For Julia versions 1.2 through 1.4, the optimized LLVM IR continues to only mark those two instructions with the fast annotation, but starting with Julia 1.5, the earlier division is reordered to later in the function and made a fast instruction as well:

julia> @code_llvm debuginfo=:none optimize=false coeff_α(1,1)

define double @"julia_coeff_\CE\B1_1335"(i64, i64) {
top:
  %2 = sitofp i64 %0 to double
  %3 = sitofp i64 %1 to double
  %4 = fmul double %2, 2.000000e+00
  %5 = fadd double %4, 1.000000e+00
  %6 = fadd double %4, -3.000000e+00
  %7 = fmul double %2, %2
  %8 = fmul double %3, %3
  %9 = fsub double %7, %8
  %10 = fmul double %6, %9
  %11 = fadd double %2, -1.000000e+00
  %12 = fmul double %11, %11
  %13 = fmul double %12, 4.000000e+00
  %14 = fadd double %13, -1.000000e+00
  %15 = fmul fast double %14, %5
  %16 = fdiv fast double %15, %10
  %17 = call fast double @llvm.sqrt.f64(double %16)
  ret double %17
}

I’ve entered the unoptimized LLVM IR into the godbolt online compiler tool and found that the change corresponds to the fact that Julia 1.4 uses LLVM 8 while Julia 1.5 uses LLVM 9, and the change is reproducible with LLVM’s built-in optimization pipeline.

(If you edit the input IR and remove the fast from the fmul instruction, the two compiler versions also agree, so it seems to be critically linked to the fmul fast specifically.)

So my questions are:

Is this just a misunderstanding on my part about how the @fastmath instructions are supposed to work? I expect the two initially-marked instructions to remain as the only fast instructions in the LLVM IR, but maybe that assumption is wrong and the fast annotation is allowed to “grow” under certain circumstances?
If this is unexpected behavior, how should I go about reporting?

P.S. I already have a workaround — change @fastmath sqrt(fac1 * fac2) to just @fastmath(sqrt)(fac1 * fac2) since my purpose is to avoid the checks for negative square roots (and subsequent throw) which I know mathematically won’t happen given how the function is called.

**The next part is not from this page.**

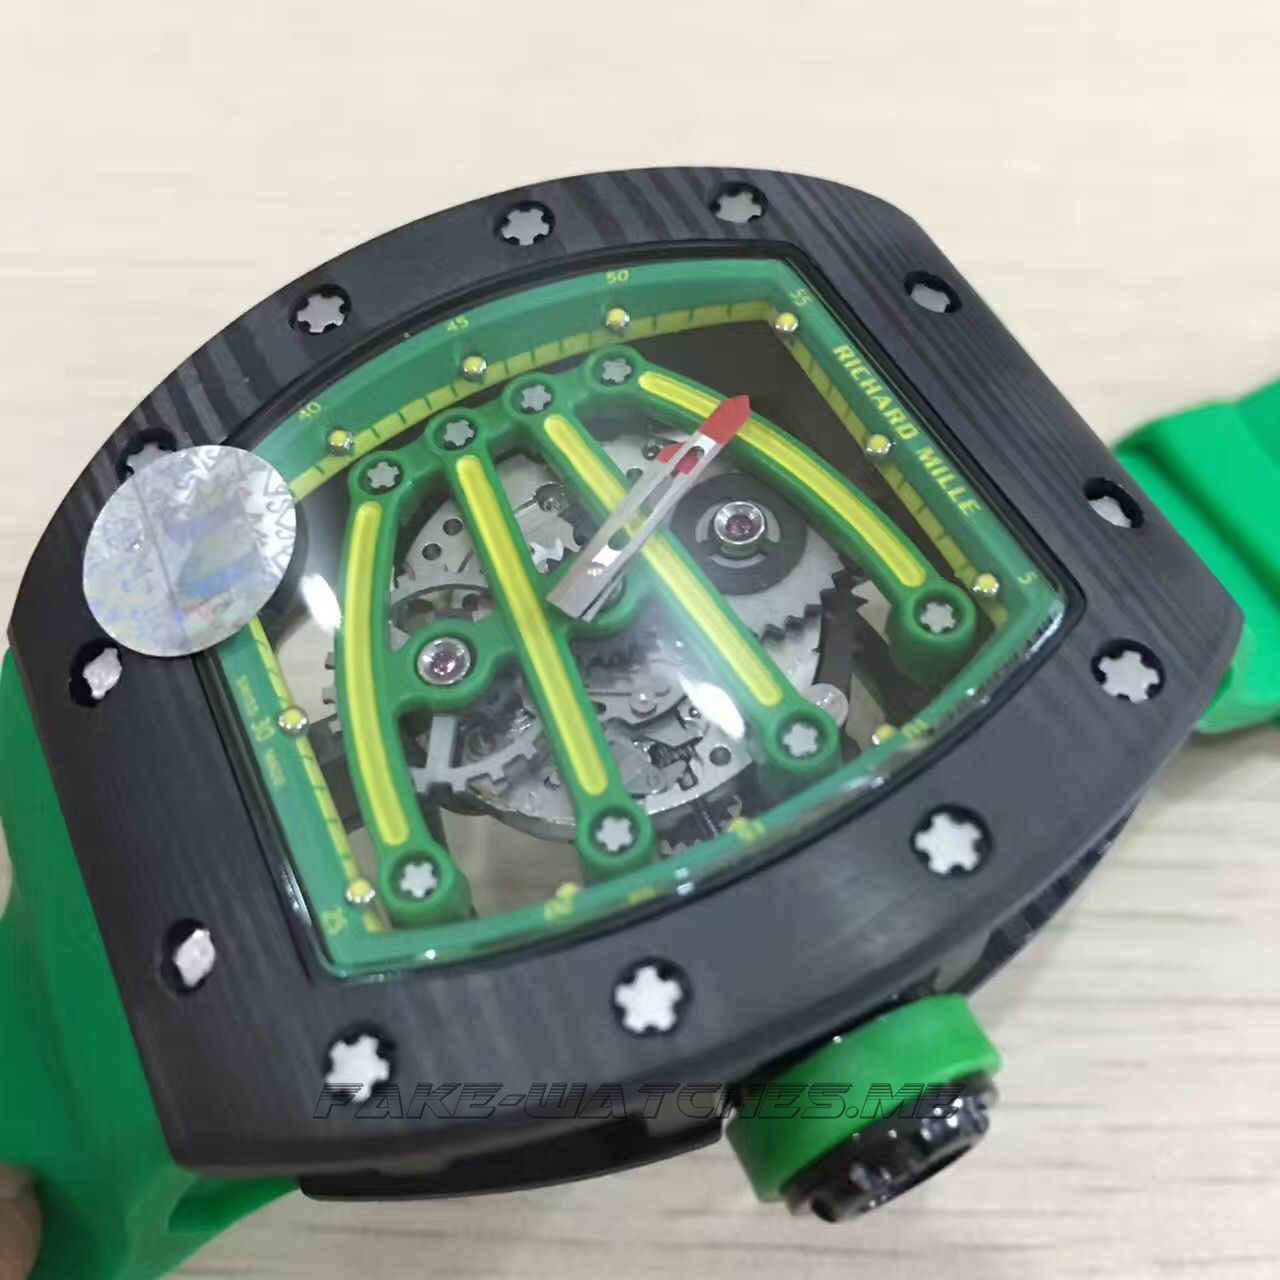 Richard Mille RM59-01A Forged Carbon Green Skeleton Dial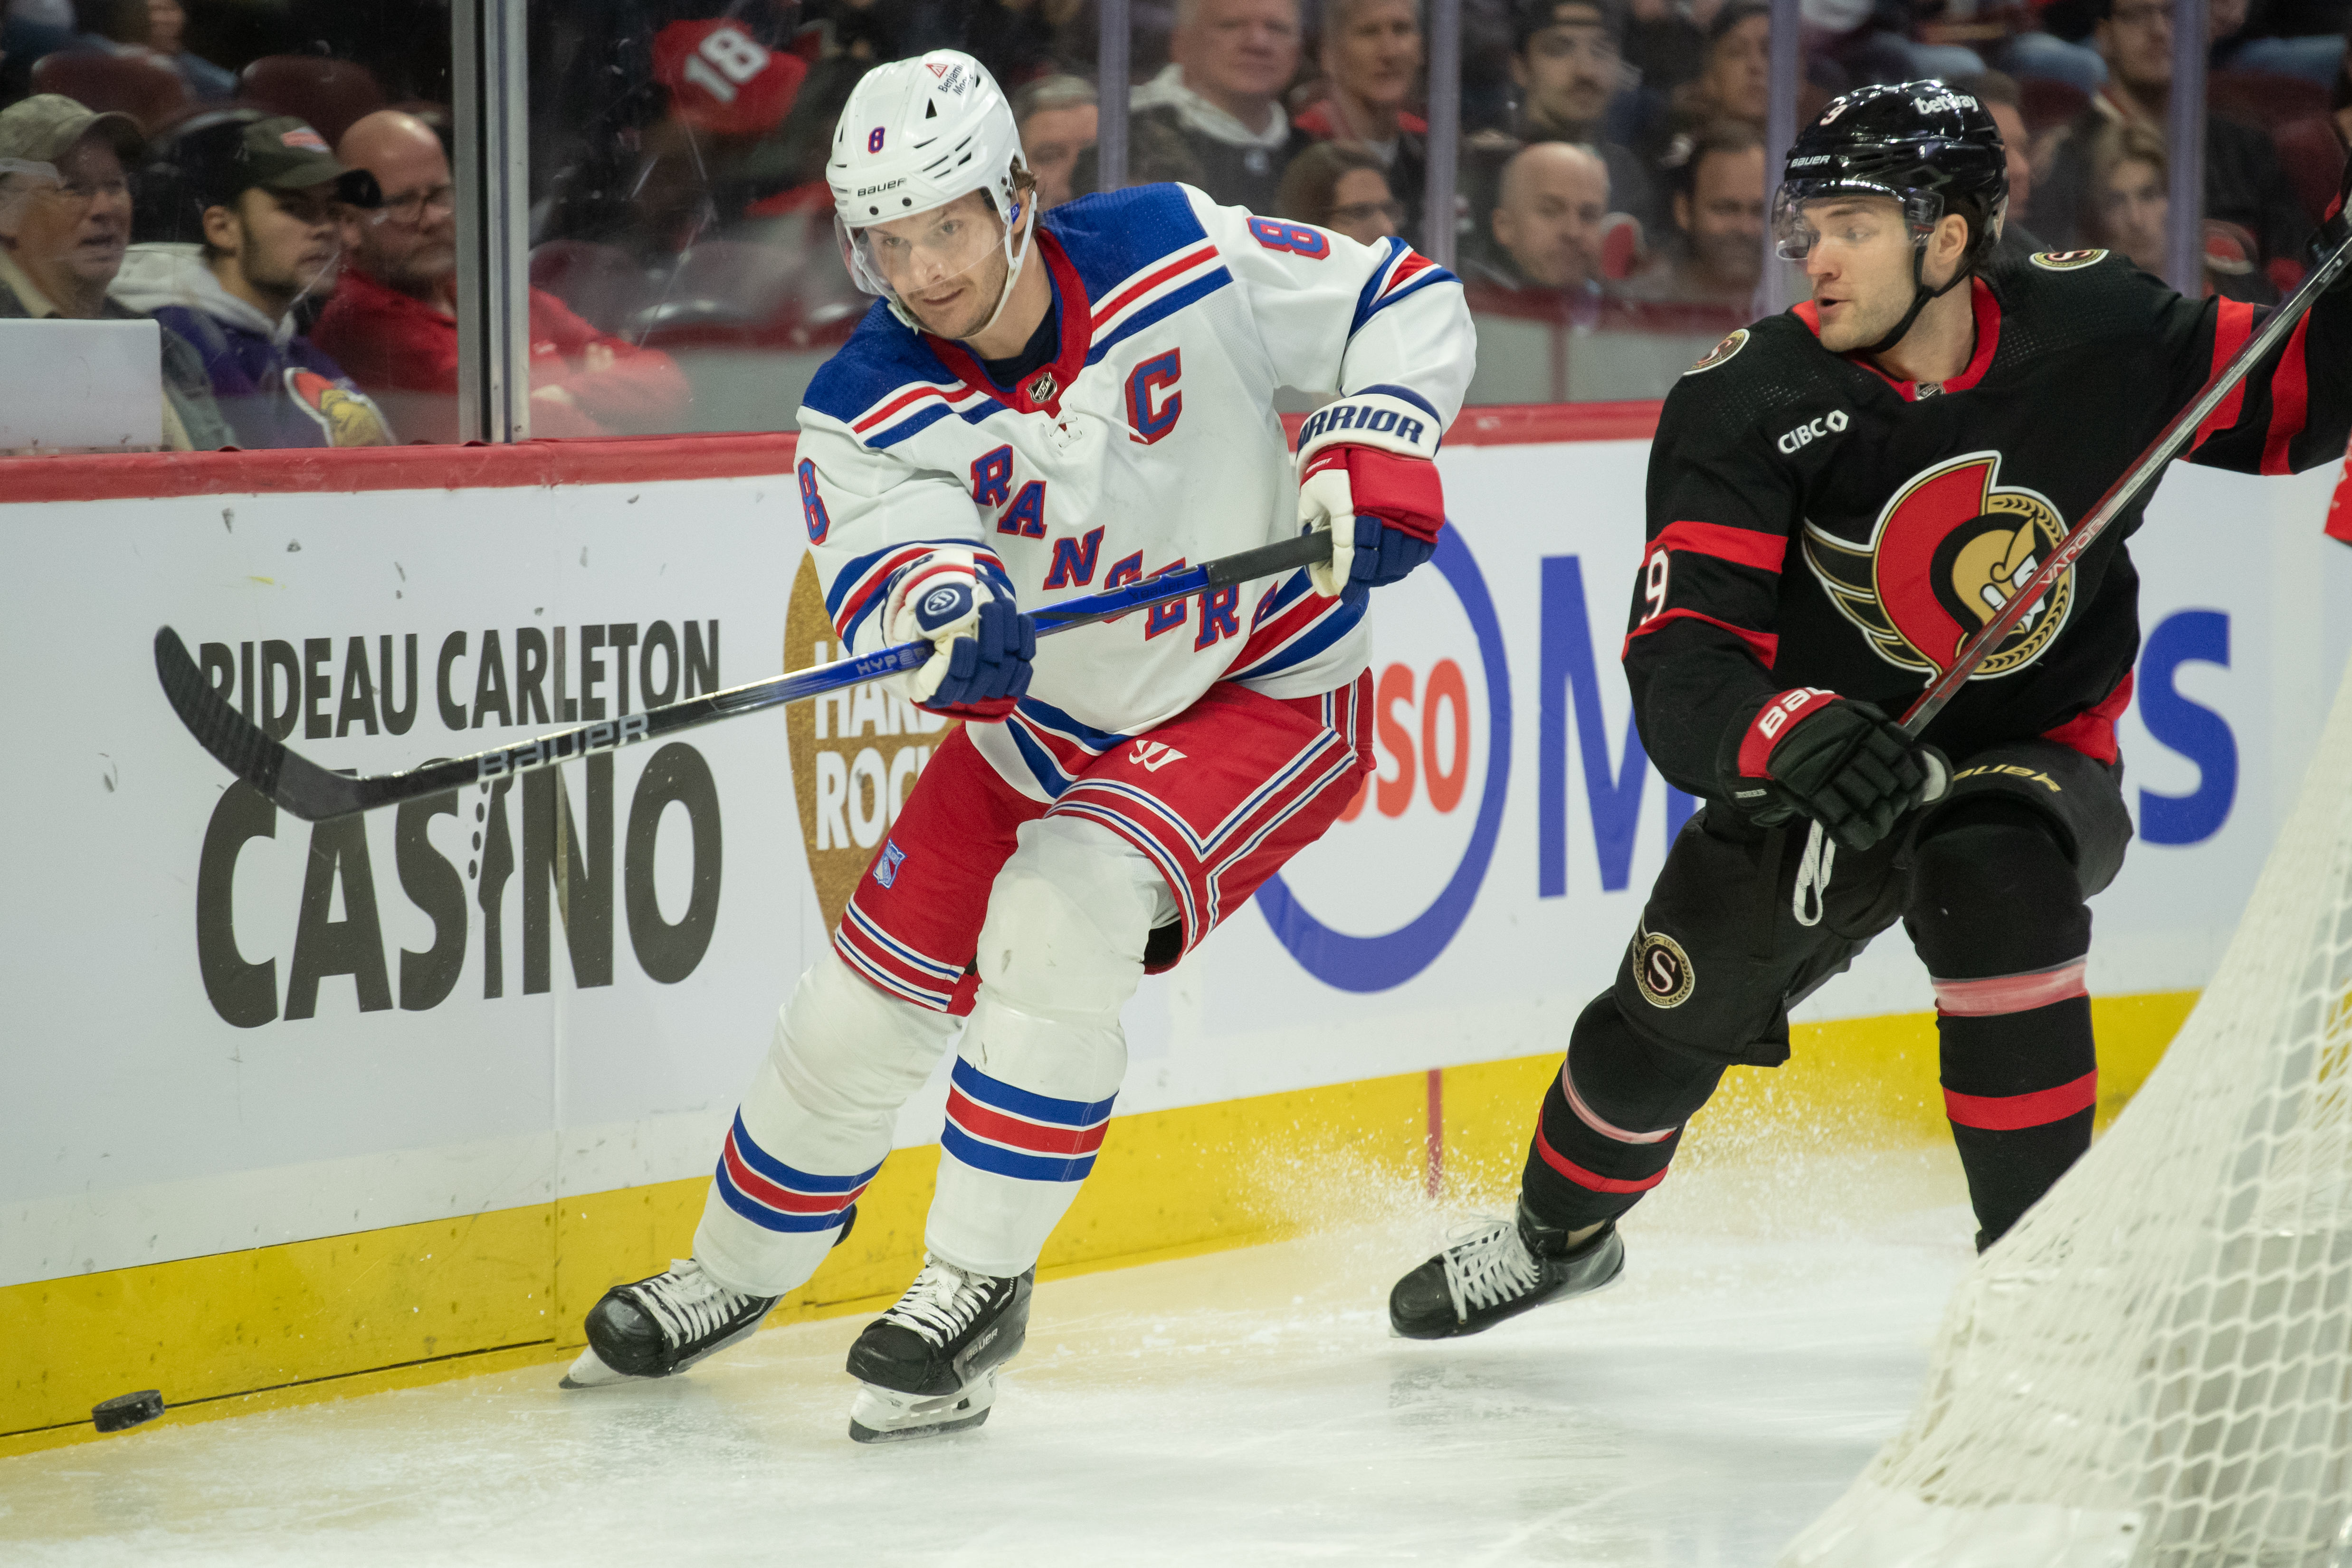 New York Rangers defenseman Jacob Trouba (8) moves the puck away from Ottawa Senators center Josh Norris (9) in the first period at the Canadian

jmert · June 13, 2020, 5:41pm

(I also just realized the “Domains > Numerics” category might not be the best filing of this question… Would the “Internals” category be better?)

Elrod · June 13, 2020, 6:17pm

Alternative options include Base.sqrt_llvm and Base.FastMath.sqrt_fast:

julia> f(x) = Base.sqrt_llvm(x)
f (generic function with 2 methods)

; julia> @code_llvm f(2.3)
;  @ REPL[30]:1 within `f'
define double @julia_f_1895(double %0) {
top:
  %1 = call double @llvm.sqrt.f64(double %0)
  ret double %1
}

; julia> @code_llvm Base.FastMath.sqrt_fast(2.3)
;  @ fastmath.jl:283 within `sqrt_fast'
define double @julia_sqrt_fast_1898(double %0) {
top:
  %1 = call fast double @llvm.sqrt.f64(double %0)
  ret double %1
}

Fastmath may turn into a no-op soon, so Base.sqrt_llvm seems more likely to keep doing what you want (avoiding the check) across Julia versions. However, Base.FastMath.sqrt_fast is more generic, so if you’d like the code to work as intended for anything other than primitive floats

julia> reinterpret(Int, sqrt(reinterpret(Float64, 2)))
2190614870947216333

julia> Base.sqrt_llvm(2)
2190614870947216333

julia> Base.FastMath.sqrt_fast(2)
1.4142135623730951

then the fast version has an advantage. Of course, you could define your own unchecked_sqrt function and use multiple dispatch to control its behavior more precisely.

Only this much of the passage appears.